In its simplest form, ice cream is a frozen dairy dessert made from milk, cream or custard combined with flavourings and sweeteners, and whipped to a light and airy consistency. Ice creams come in a wide variety of flavours, often with additives such as chocolate flakes or chips, nuts, fruit, and candy/sweets. One of the most popular ice cream flavours in supermarkets is neapolitan.

Before the advent of modern refrigeration, ice cream was a luxury item reserved for very special occasions. Today, icecream is sold in every supermarket, grocery store and service station in the Western world, and enjoyed worldwide.

Modern commercial ice cream is made from a mixture of:

  • 10-16% milkfat
  • 9 to 12% milk solids-not-fat: this component, also known as the serum solids, contains the proteins (caseins and whey proteins) and carbohydrates (lactose) found in milk
  • 12 to * 16% sweeteners: usually a combination of sucrose and glucose-based corn syrup sweeteners
  • 0.2 to 0.5% stabilizers and emulsifiers
  • 55% to 64% water which comes from the milk or other ingredients

These ingredients make up the solid part of the ice cream, but only 50% of the final volume, the remainder being air incorporated during the whipping process.

There are several popular legends surrounding the discovery of ice cream.

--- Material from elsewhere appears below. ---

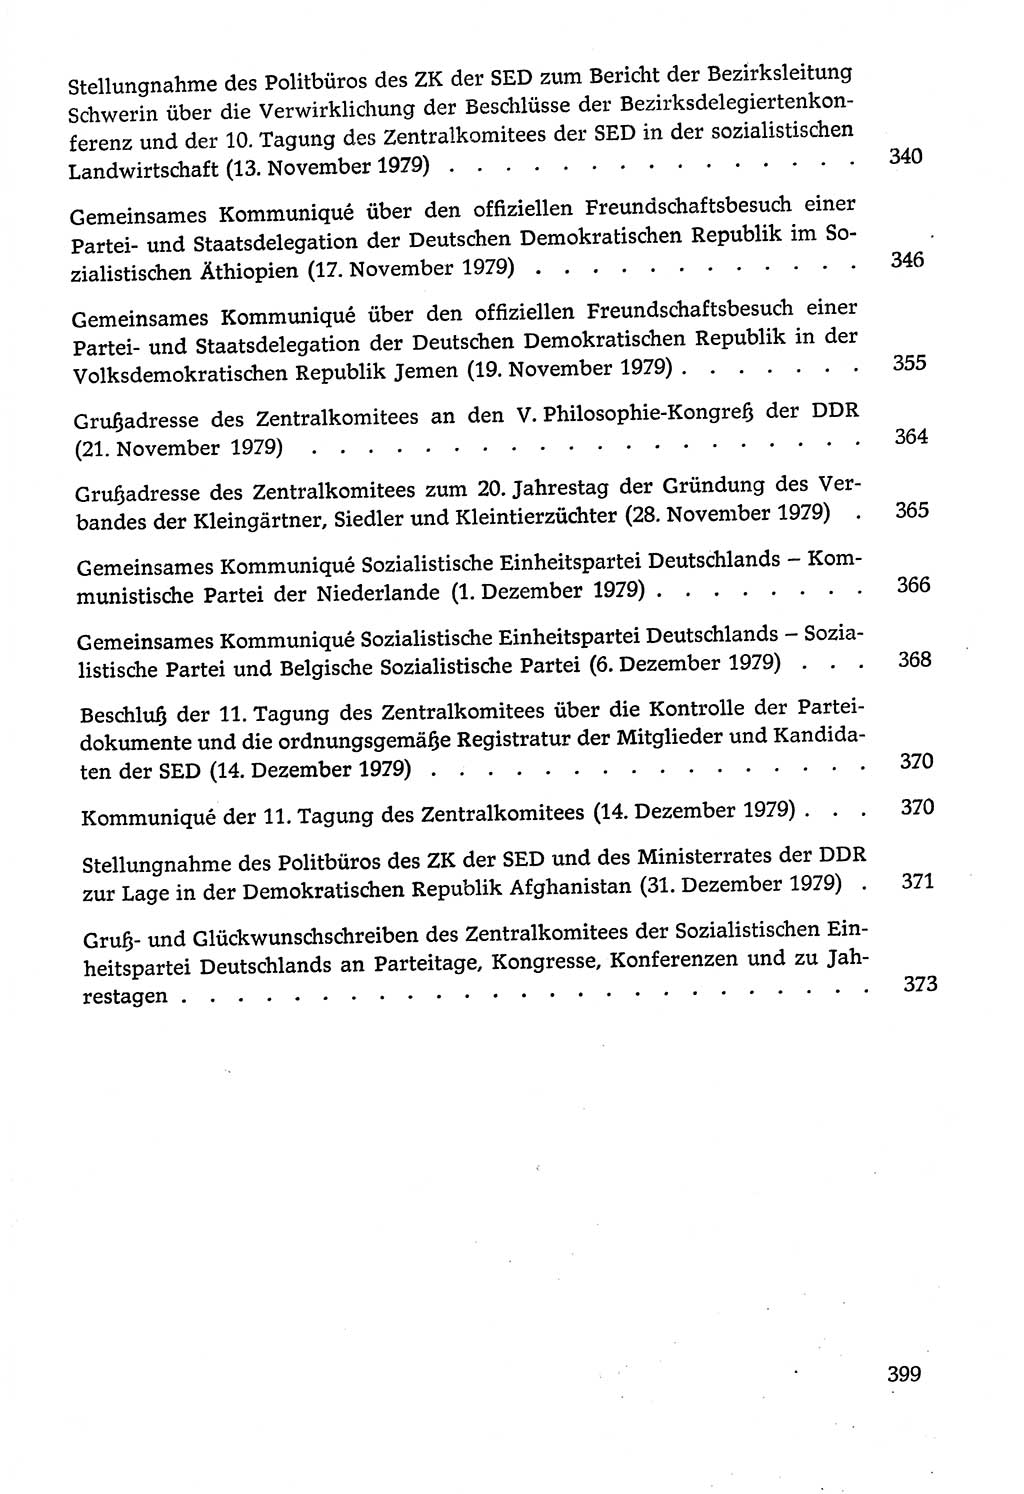 Dokumente der Sozialistischen Einheitspartei Deutschlands (SED) [Deutsche Demokratische Republik (DDR)] 1978-1979, Seite 399 (Dok. SED DDR 1978-1979, S. 399)
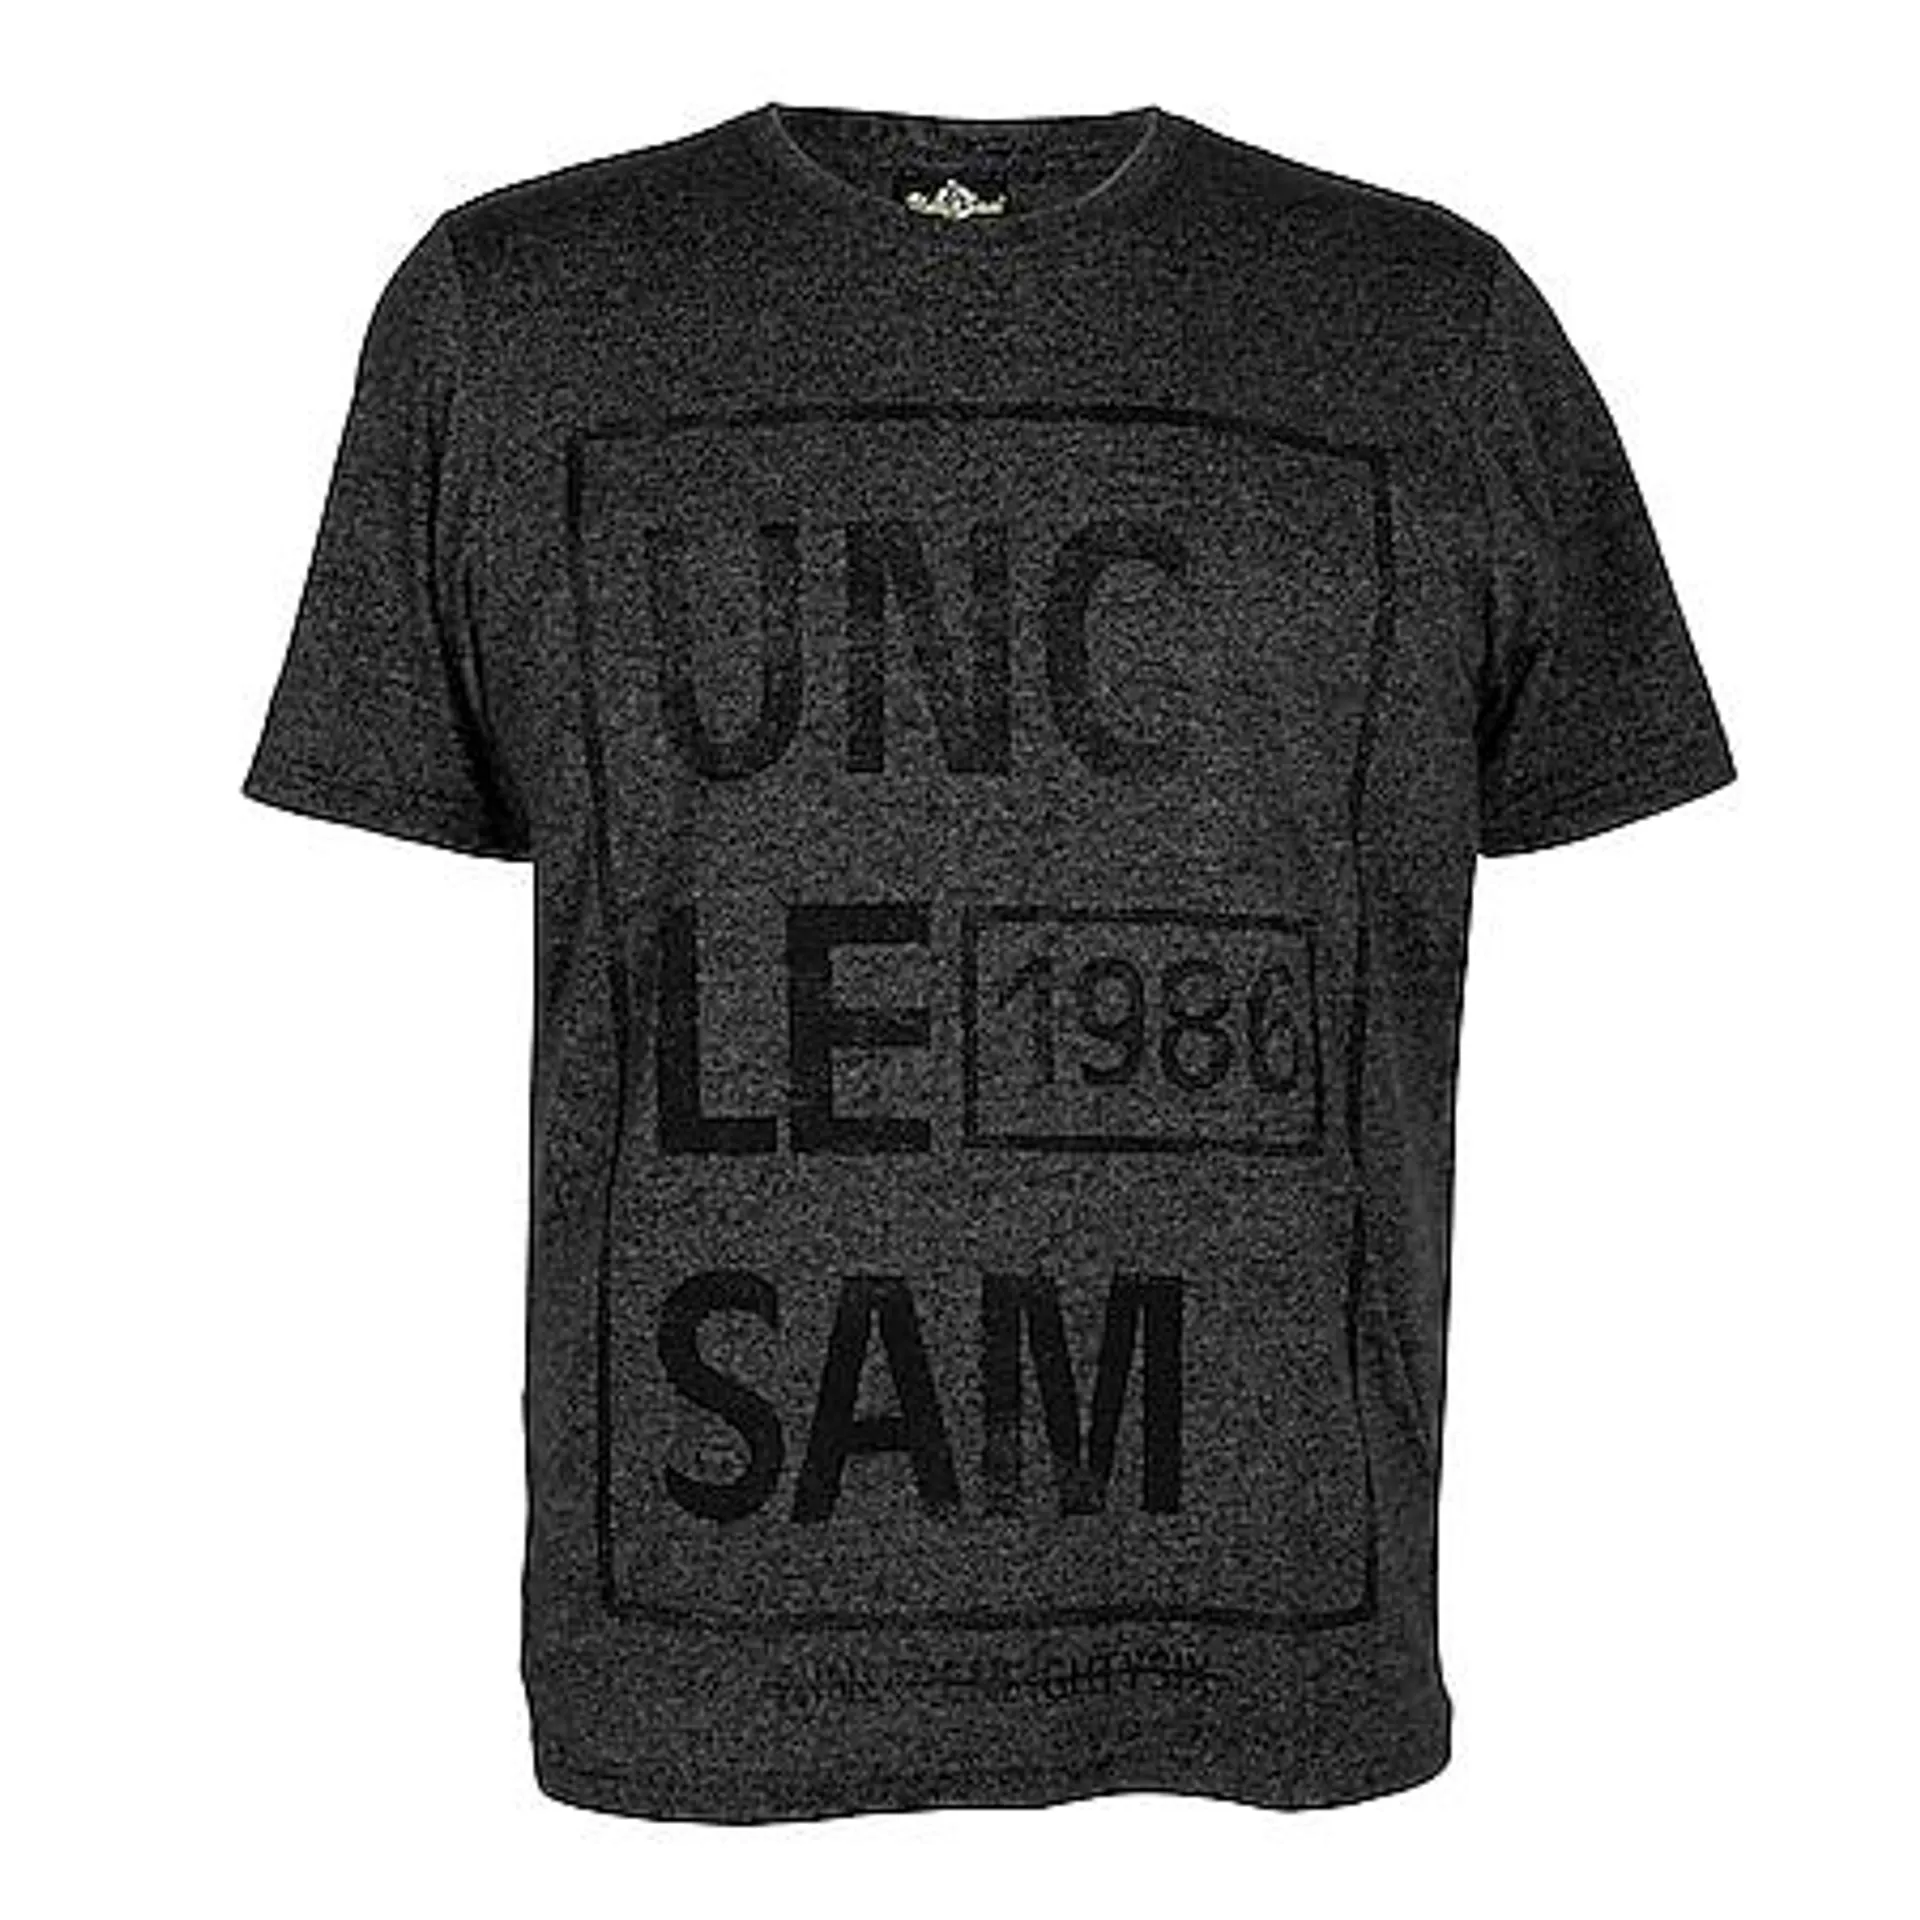 UNCLE SAM Herren T-Shirt, Pigmentdruck, M, anthrazit

Marco Polo supposedly saw ice cream being made on his trip to China, bringing the recipe home to Italy with him on his return. From there, Catherine de'Medici's Italian chefs are said to have carried the recipe to France when she went there in 1533 to marry the Duc d'Orleans. Charles I was supposedly so impressed by the 'frozen snow' that he offered his own ice-cream maker a lifetime pension in return for keeping the formula secret, so that ice cream could be a royal perogative. There is however, no historical evidence to support this fable, which first appeared during the 19th Century and was probably created by imaginative icecream vendors. Icecream most likely DID originate in China, but it is unknown how and when the idea made its way into the Western world.

The making of icecream was originally an extremely laborious process. It was made by hand in a large bowl surrounded by packed ice. The hand-cranked churn was invented in 1846, making production simpler, and the world's first commercial icecream factory opened in Baltimore, Maryland in 1851. The continuous process freezer was perfected in 1926, allowing commercial mass-production of icecream and the birth of the modern icecream industry.